Member of the Legislative Assembly of Alberta
- In office 1993–2001
- Preceded by: Dennis Anderson
- Succeeded by: Jon Lord
- Constituency: Calgary-Currie

Personal details
- Born: Mary Jocelyn Rivers March 4, 1949 (age 77) Coventry, England, UK
- Party: Progressive Conservative Association of Alberta
- Education: Ryerson Polytechnical Institute (now Toronto Metropolitan University)
- Occupation: businesswoman

= Jocelyn Burgener =

Canadian politician

Mary Jocelyn Burgener (née Rivers; March 4, 1949) is a businesswoman and politician.

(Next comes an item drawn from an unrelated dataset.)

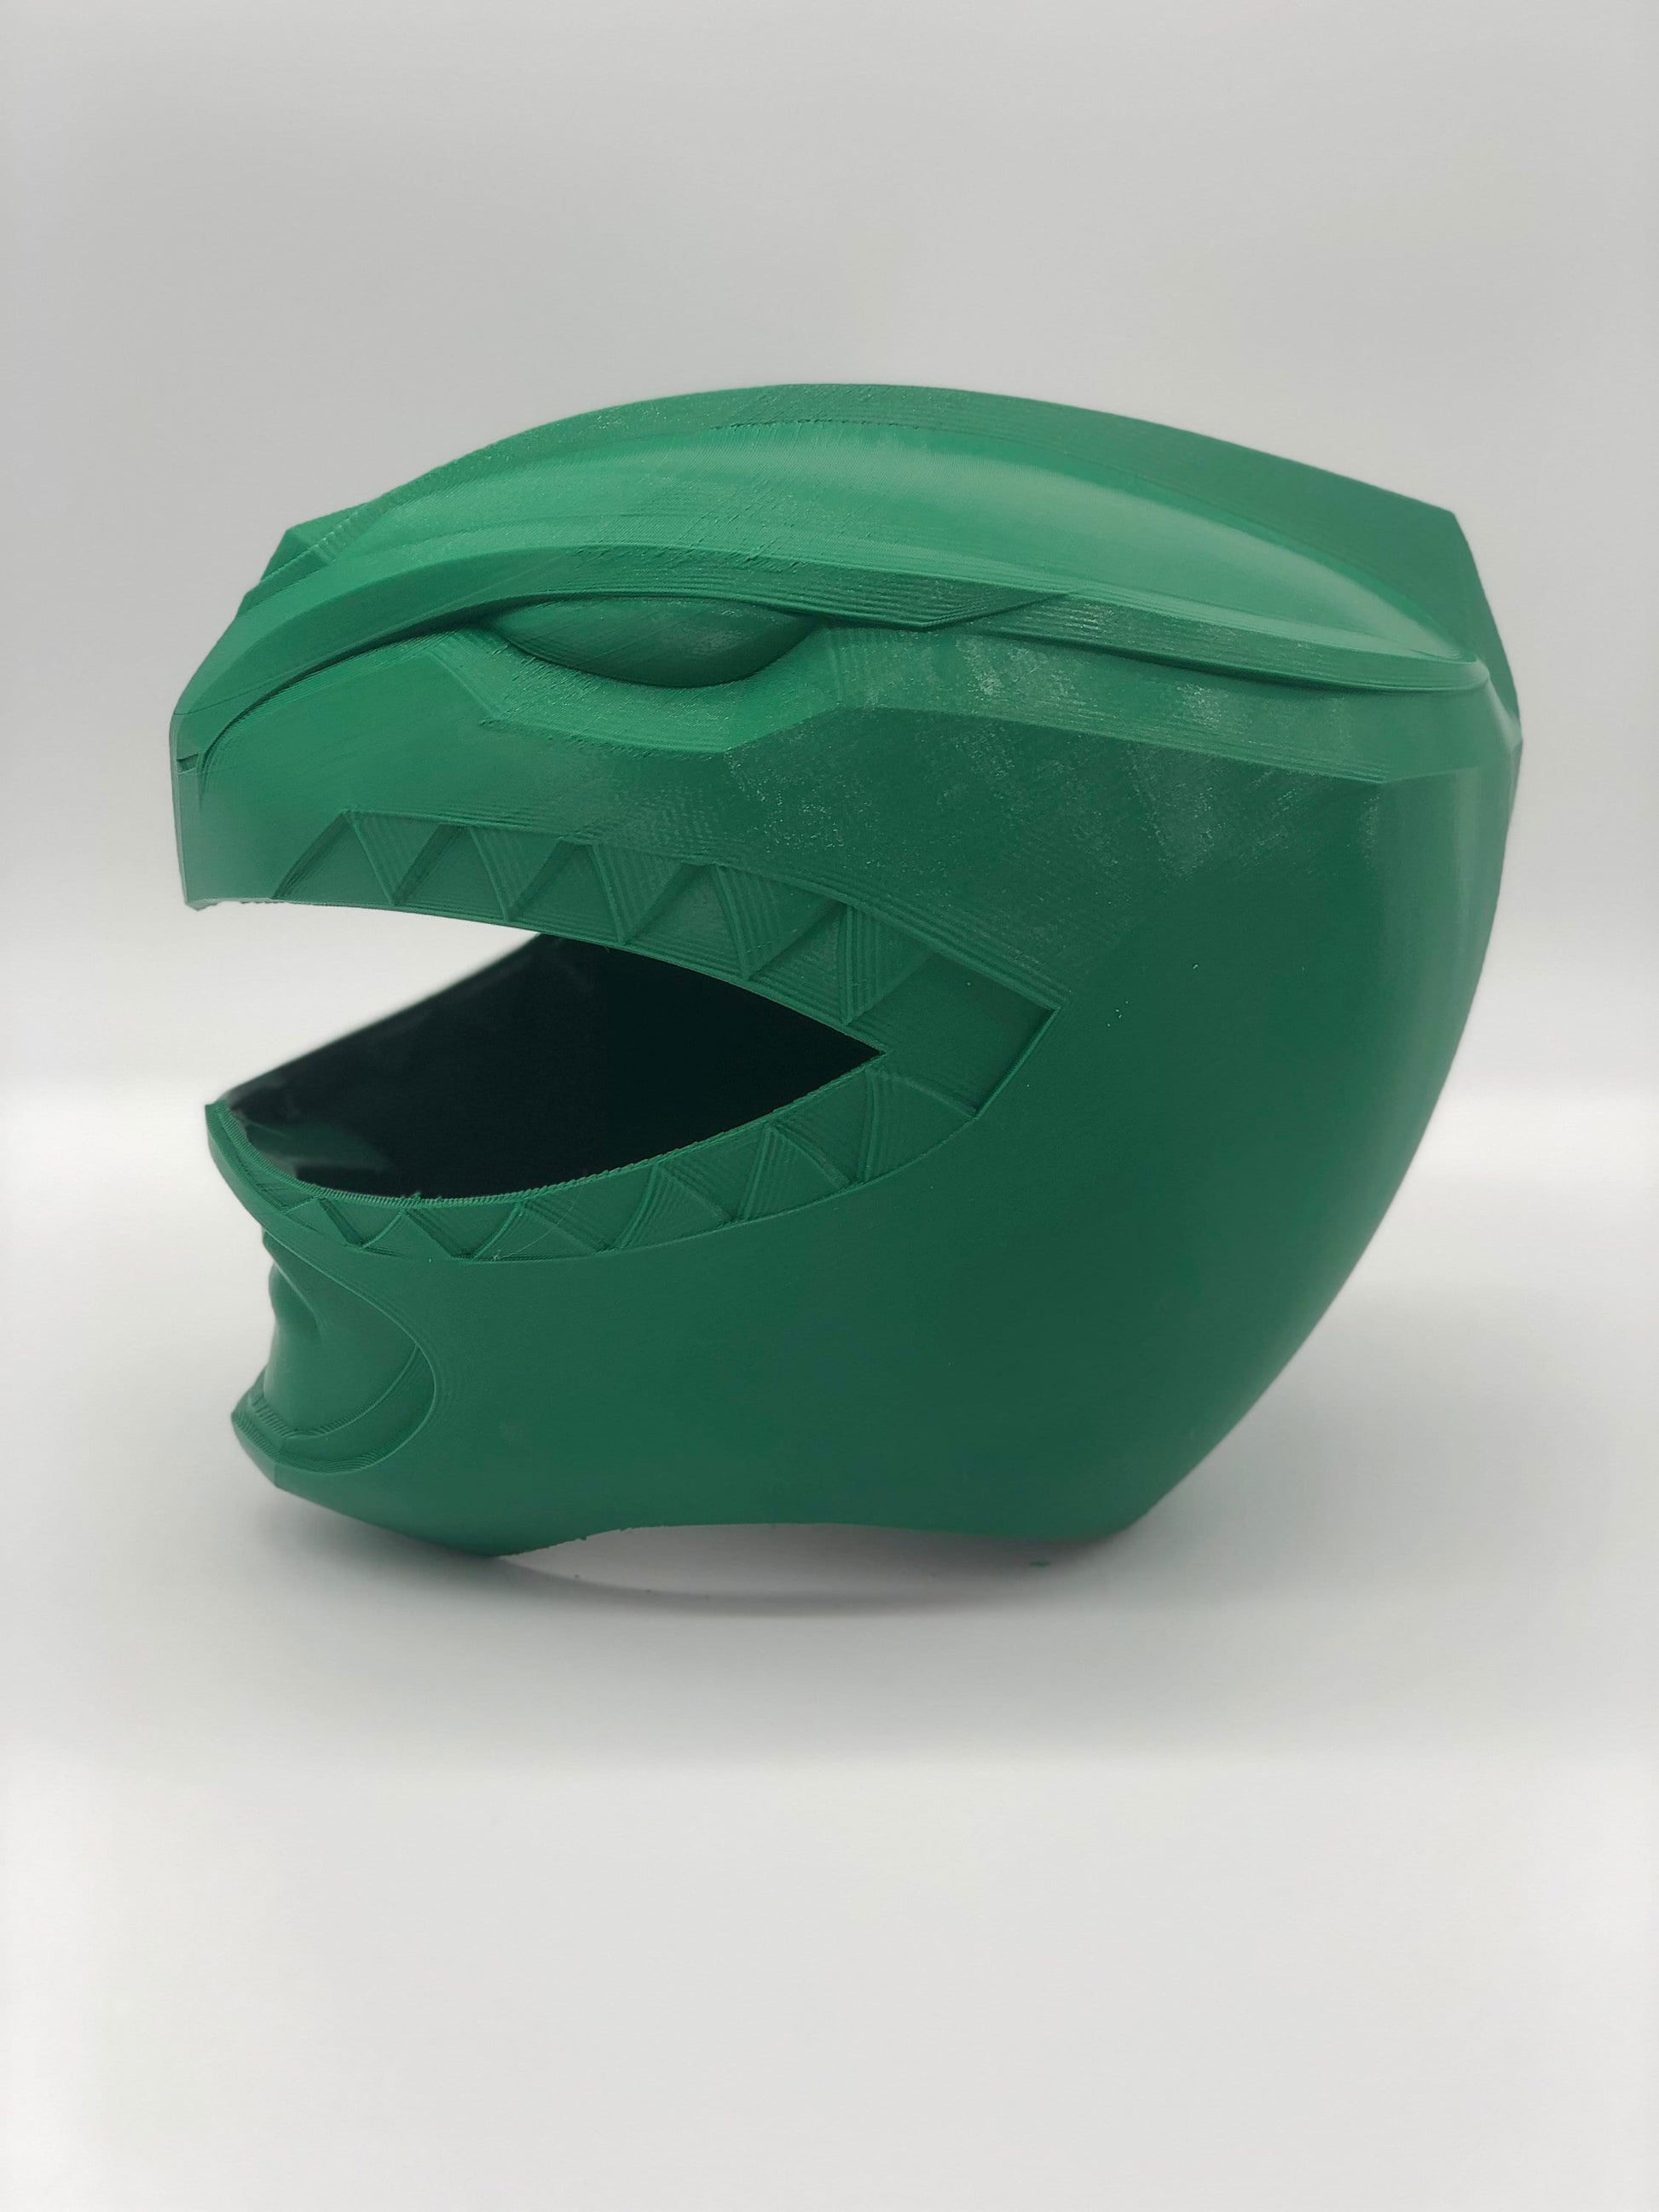 Green Power Rangers Cosplay Helmet

She is also a former municipal and provincial level politician from Alberta, Canada. She served as a Member of the Legislative Assembly of Alberta from 1993 until 2001.

==Political career==
Burgener was elected to the Alberta Legislature in the 1993 Alberta general election. She ran as the Progressive Conservative candidate in the electoral district of Calgary Currie. She won the race with a comfortable margin of about 2000 votes over Liberal candidate Mairi Matheson. The race also included Alberta Political Alliance leader Mark Waters who made a strong fourth place showing. She stood for office for a second term in the 1997 Alberta general election winning a reduced plurality but still finishing with a wide margin over the field of four other candidates.

==Author==
In May 2014, Burgener published her first book Naked Under My Coat: Writing Under the Influence of Parkinson's, a collection of poems and short stories written during the onset and formal diagnosis of Parknson's.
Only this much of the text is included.